CLI in C++: Status Update
Over the weekend I went ahead and implemented the lexical analyzer for the CLI language. If you would like to check it out, you can download the source distribution via these links:
The +dep version includes the project’s dependencies. See the INSTALL file inside for details. Alternatively, you can follow the development in the git repository:
There are a couple of interesting things to note about the lexer design: First is the handling of the include paths. To mimic the C++ preprocessor as closely as possible, we decided to allow both "foo"
and <foo>
styles of paths. However, in our case, the include
statement is part of the language and, therefore, is tokenized by the lexer. The dilemma then is how to handle <
and >
, which can be used in both paths and, later, in option types that contain template-ids (for example, std::vector<int>
) or expressions (for example, 2 < 3
). If we always treat them as separate tokens, then handling of the include paths becomes very tricky. For example, the <foo/bar.hxx>
path would be split into several tokens. On the parser level it will be indistinguishable from, say, <foo / bar.hxx>
, which may not be the same or even a valid path.
To overcome this problem, the lexer treats <
after the include
keyword as a start of a path literal instead of as a separate token (path literals are handled in the same way as string literals except for having < >
instead of " "
). That’s one area where we had to bring a little bit of language semantics knowledge into the lexical analyzer.
Another interesting thing to know is handling of option names. To be convenient to use, option names should allow various additional symbols such as -
, /
, etc., that are not allowed in C++ identifiers. Consider this option definition as an example:
class options { bool --help-me|-h|/h; };
The question is how do we treat these additional symbols: as part of the option identifier or as separate tokens? Handling them as separate tokens presents the same problem as in the include path handling. Namely, the option name can be written in many different ways which will all result in the same token sequence. Making these additional symbols a part of an option identifier can be done in two ways. We can either recognize and make option names as a special kind of identifier or we can “relax” all the identifiers in the language to include these symbols. The first approach would be cleaner but is hard to implement. The lexer would need to recognize the places where option names can appear and scan them accordingly. Since there is no keyword to easily identify such places, the lexer would need to implement pretty much the same language parsing logic as the parser itself. This is a bit more semantics knowledge than I am willing to bring into the lexical analyzer.
This leaves us with the relaxed identifier option. One major drawback of this approach is the difficulty of handling expressions that involve -
, /
, etc. Consider this definition:
class options { int -a-b = -a-b; };
Semantically, the first -a-b
is the option name while the second is an expression. In the initial version of the CLI compiler I decided not to support expressions other than literals (negative integer literals, such as -5
are supported by recognizing them as a special case).

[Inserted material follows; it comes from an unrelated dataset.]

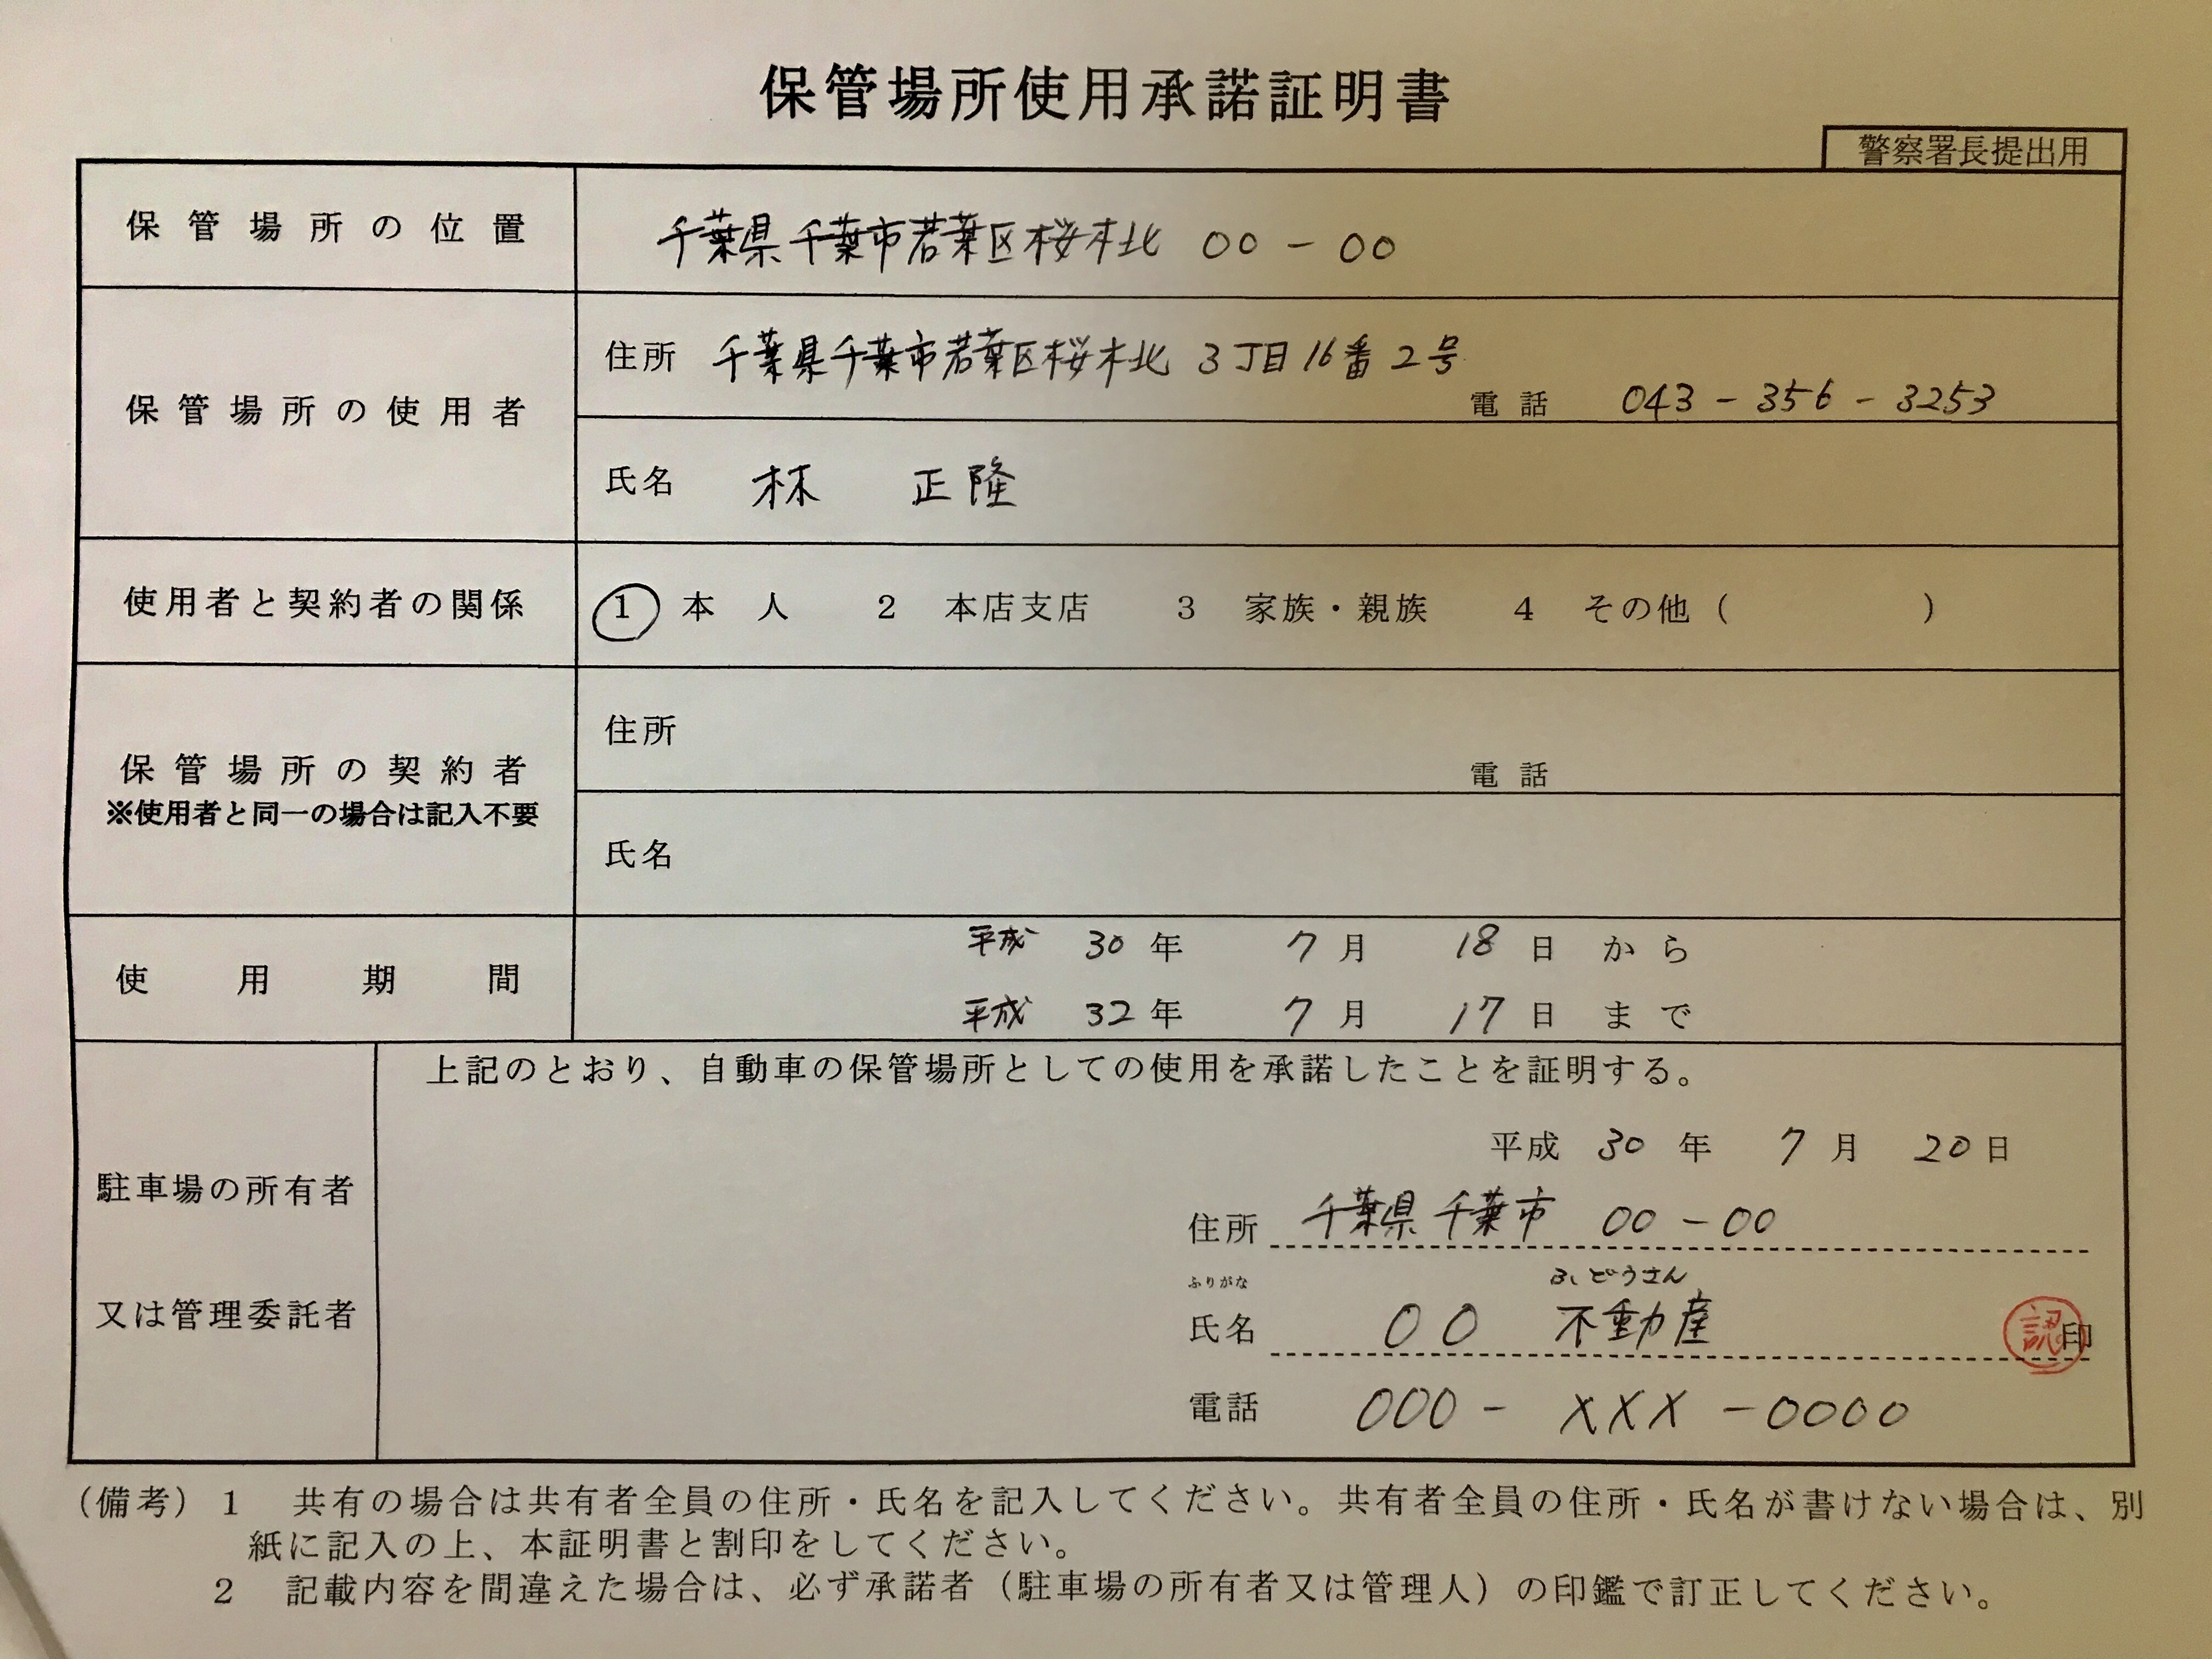 車庫証明の保管場所使用承諾証明書の書き方 車庫証明申請代行 千葉県内全域対応

The more complex expressions can be defined as constants in C++ headers and included into the CLI file, for example:
// types.hxx // const int a = 1; const int b = 2; const int a_b = -a-b;
// options.cli // include "types.hxx"; class options { int -a-b = a_b; };
In the future we can support full expressions by recognizing places in the language where they can appear. That is, after =
as well as between ( )
and < >
. For example:
class options { int -a = 2-1; int -b (2-1); foo<2-1> -c; };
On the parser level, we will also need to tighten these relaxed identifiers back to the C++ subset for namespaces, classes, and option types.
With the initial version of the lexer complete, the next thing to implement is the parser. I will let you know as soon as I have something working.